Ce que ces ateliers ne peuvent pas faire à votre permis

Si tant de conducteurs hésitent encore à pousser la porte d'un atelier, c'est qu'une crainte tenace circule : celle d'un piège qui finirait par un retrait de permis. Cette crainte ne résiste pas à la lecture des textes.

En France, aucun examen médical périodique n'est imposé aux conducteurs âgés, et aucun anniversaire ne déclenche de contrôle automatique. Seul le préfet peut prescrire un examen d'aptitude, sur la base de l'article R221-14 du code de la route, après un signalement individuel ou une infraction.

Le seul circuit de contrôle existant passe d'ailleurs par les proches : une famille inquiète peut écrire à la préfecture, qui convoque alors le conducteur devant un médecin agréé. Rien à voir avec un atelier de révision, où personne ne consigne quoi que ce soit.

Les ateliers de remise à niveau n'entrent dans aucun de ces circuits. Ils sont facultatifs, sans notation et sans valeur d'examen : un quiz raté n'est transmis ni à la préfecture, ni à votre assureur, ni à qui que ce soit d'autre.
  Vous l'avez compris, le risque juridique de ces séances est exactement nul. Le seul enjeu est de repartir avec des réflexes remis au goût du jour, et la confiance qui va avec.

Où réviser gratuitement, et ce qui vous y attend

Pour trouver une séance près de chez vous, plusieurs portes existent, et la plupart ne coûtent rien.

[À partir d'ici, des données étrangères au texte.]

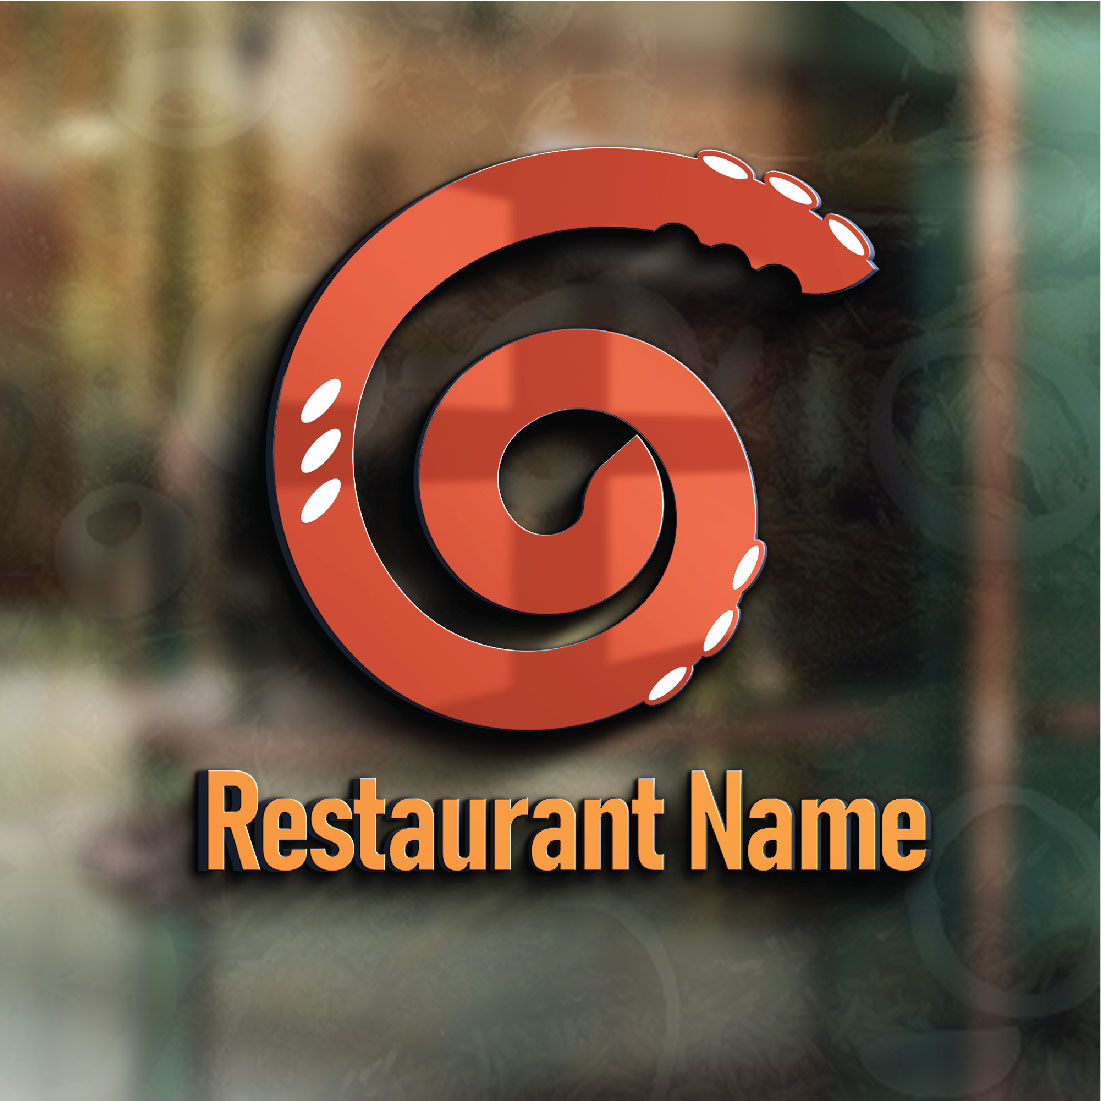 Restaurant logo preview image.

Les mairies et les CCAS organisent des sessions avec les préfectures, tandis que des associations comme AGIRabcd, la Prévention Routière ou Prévention MAIF animent des ateliers gratuits partout en France.

Les assureurs et les mutuelles proposent aussi leurs propres journées, souvent réservées à leurs adhérents seniors. Les dispositifs existants et les conseils officiels sont détaillés sur la page dédiée de la Sécurité routière, qui recense notamment les stages de remise à niveau.

Le site public Mobisenior.fr complète enfin le dispositif. Il propose gratuitement un accompagnement en ligne pour préserver sa mobilité le plus longtemps possible, en toute sécurité.

Sur place, le programme tient en général sur une demi-journée. Un quiz sur le modèle de l'examen permet de se situer (35 bonnes réponses sur 40 restent le seuil officiel de réussite), avant des ateliers pratiques sur les giratoires, l'usage du clignotant ou les effets de l'alcool, parfois avec un simulateur de conduite.

Je l'ai constaté en préparant cet article : l'ambiance y est tout sauf scolaire, et les participants en redemandent. Pour vous, l'enjeu se résume finalement à une demi-journée investie contre des années d'autonomie préservée au volant.